O exame da cabeça aos pés é uma denominação tradicional. Atualmente tem sido pacífico o entendimento que a avaliação propriamente dita deva começar pelo pescoço, para detecção de possíveis lesões na coluna cervical.

Ao proceder um exame da cabeça aos pés, procurar seguir o método abaixo indicado:

Examinar os olhos, procurando lesões e avaliando o diâmetro das pupilas, de acordo com a Tabela 15.1.

DIÂMETRO DAS PUPILAS

Observação

Causa Provável

Dilatadas, sem reação

Inconsciência, choque, parada cardíaca, hemorragia, lesão na cabeça

Contraídas, sem reação

Lesões no sistema nervoso central,

Abuso de drogas

Uma dilatada e outra contraída

Acidente vascular cerebral, lesões na

Cabeça

Embaçadas

Choque, coma

  • Observar a superfície interior das pálpebras. Se estiverem descoloridas, pálidas, indicam a possibilidade de hemorragia grave.

  • Inspecionar as orelhas e o nariz. Hematoma atrás da orelha ou perda de sangue ou líquido cefalorraquidiano pelo ouvido e/ou nariz pode significar lesões graves de crânio.

    Inspecionar o interior da boca, mantendo-se atento à presença de corpos estranhos, sangue ou vômito.

    Observar a traquéia.

  • Examinar o tórax, procurando por fraturas e ferimentos.
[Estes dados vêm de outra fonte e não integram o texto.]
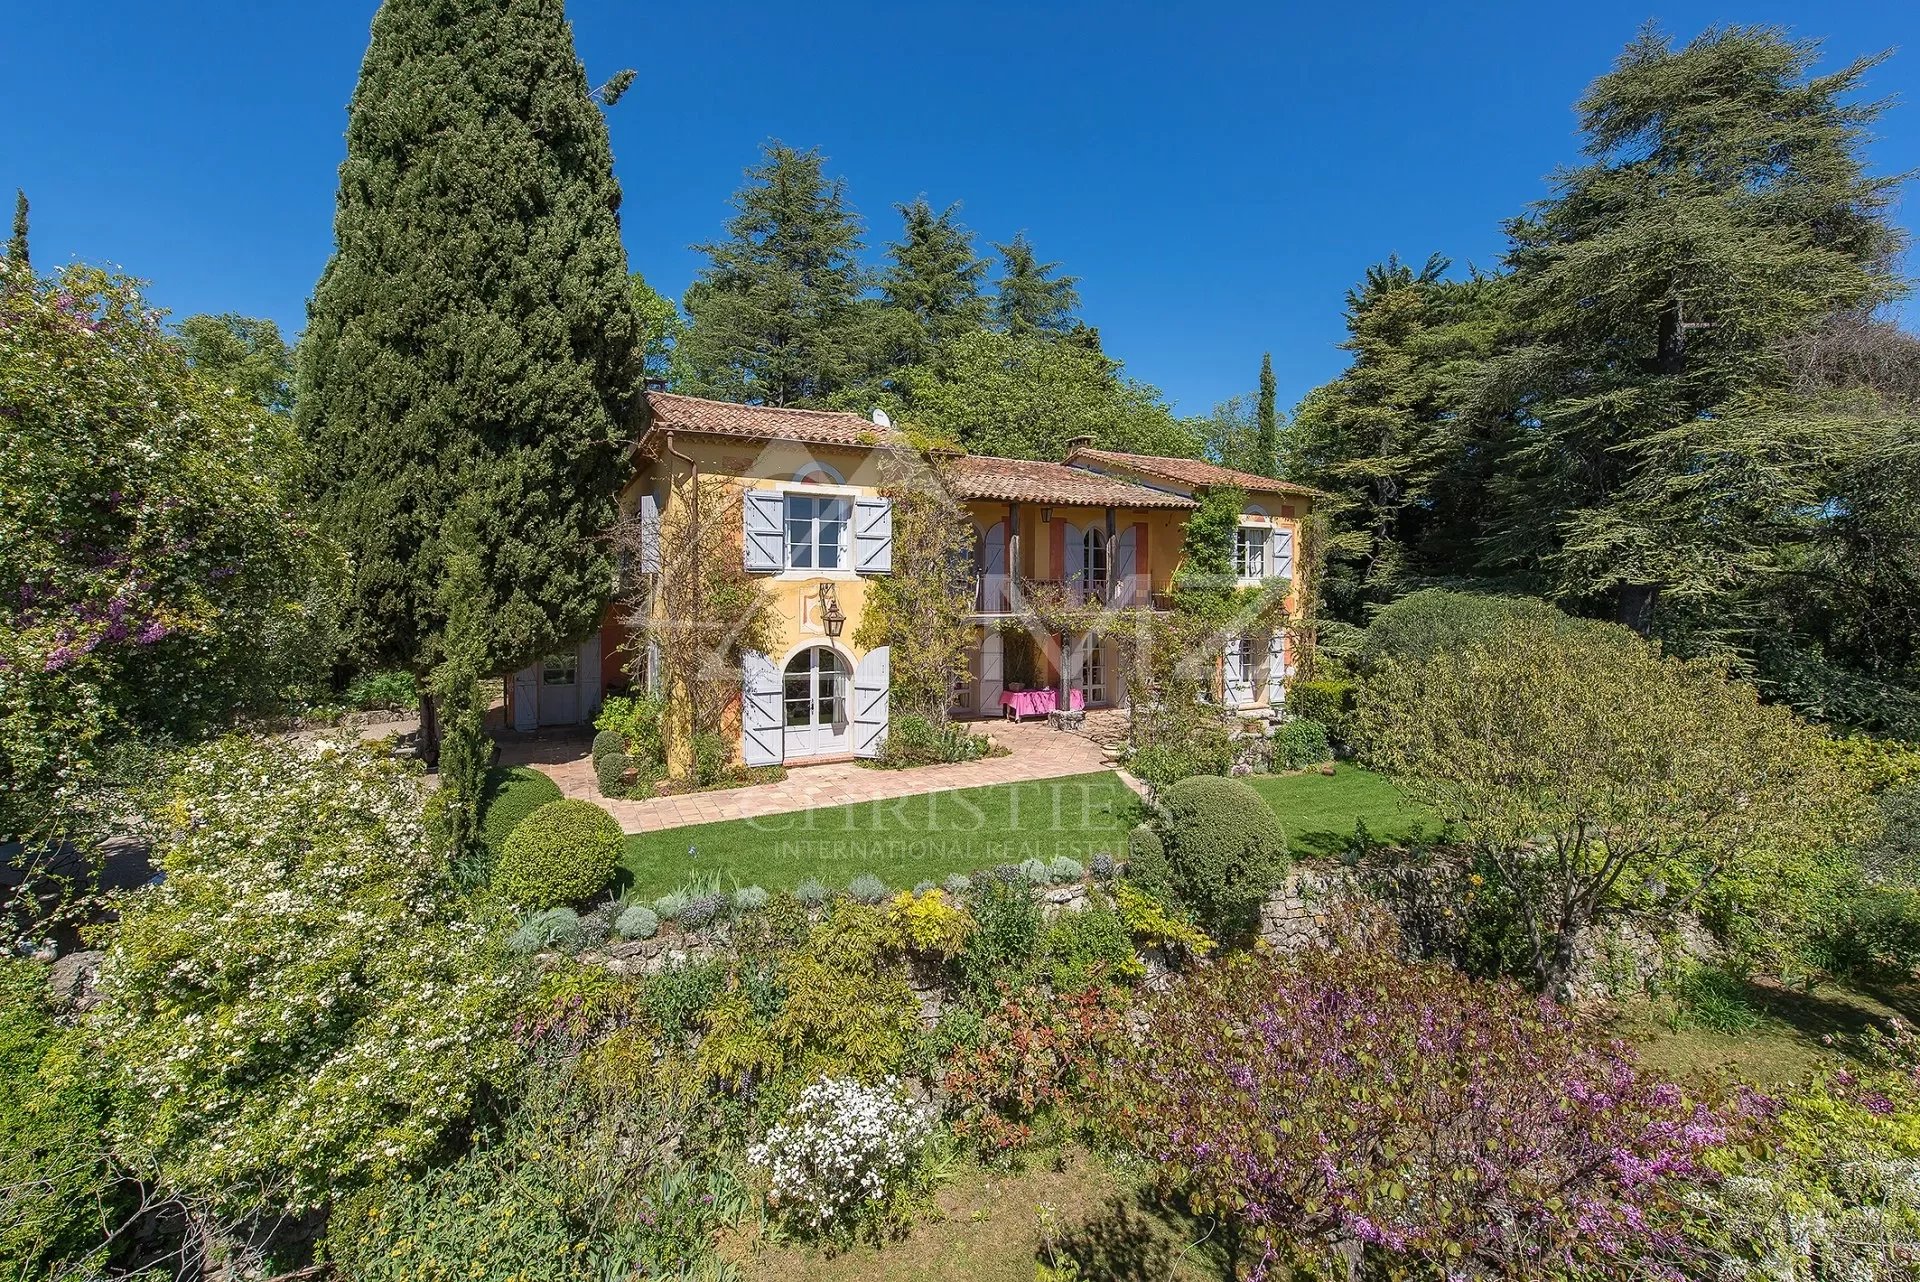 Cannes backcountry - Remarkable gardens

  • Observar a expansão torácica durante a respiração.

TIPOS DE RESPIRAÇÃO

Observação

Causa Provável

Rápida, Superficial

Choque, problemas cardíacos, choque insulínico, pneumonia, insolação

Profunda, Ofegante

Obstrução das vias aéreas, ataque cardíaco, doenças pulmonares, lesões de tórax, coma diabético, lesões nos pulmões pelo calor

Roncorosa

Acidente vascular cerebral, fraturas de crânio, abuso de drogas ou álcool, obstrução parcial das vias aéreas

Crocitante

Obstrução das vias aéreas, lesões nas vias aéreas provocadas pelo calor

Gorgolejante

Obstrução das vias aéreas, doenças pulmonares, lesões nos pulmões provocadas pelo calor

Ruidosa, com chiado

asma, enfisema, obstrução de vias aéreas, arritmia cardíaca

Tosse com sangue

Ferimentos no tórax, fraturas de costela, pulmões perfurados, lesões internas

  • Examinar o abdome, procurando ferimentos e pontos dolorosos.

    Examinar as costas procurando áreas dolorosas e deformidades.

  • Examinar a bacia procurando fratura.

  • Observar lesões na genitália.

  • Examinar as pernas e os pés, procurando ferimentos, fraturas e pontos dolorosos. Checar presença de pulso distal e sensibilidade neurológica.

    Examinar os membros superiores desde o ombro e a clavícula até as pontas dos dedos, procurando por ferimentos, fraturas e áreas dolorosas. Checar presença de pulso distal e sensibilidade neurológica.

    Inspecionar as costas da vítima, observando hemorragias e/ou lesões óbvias.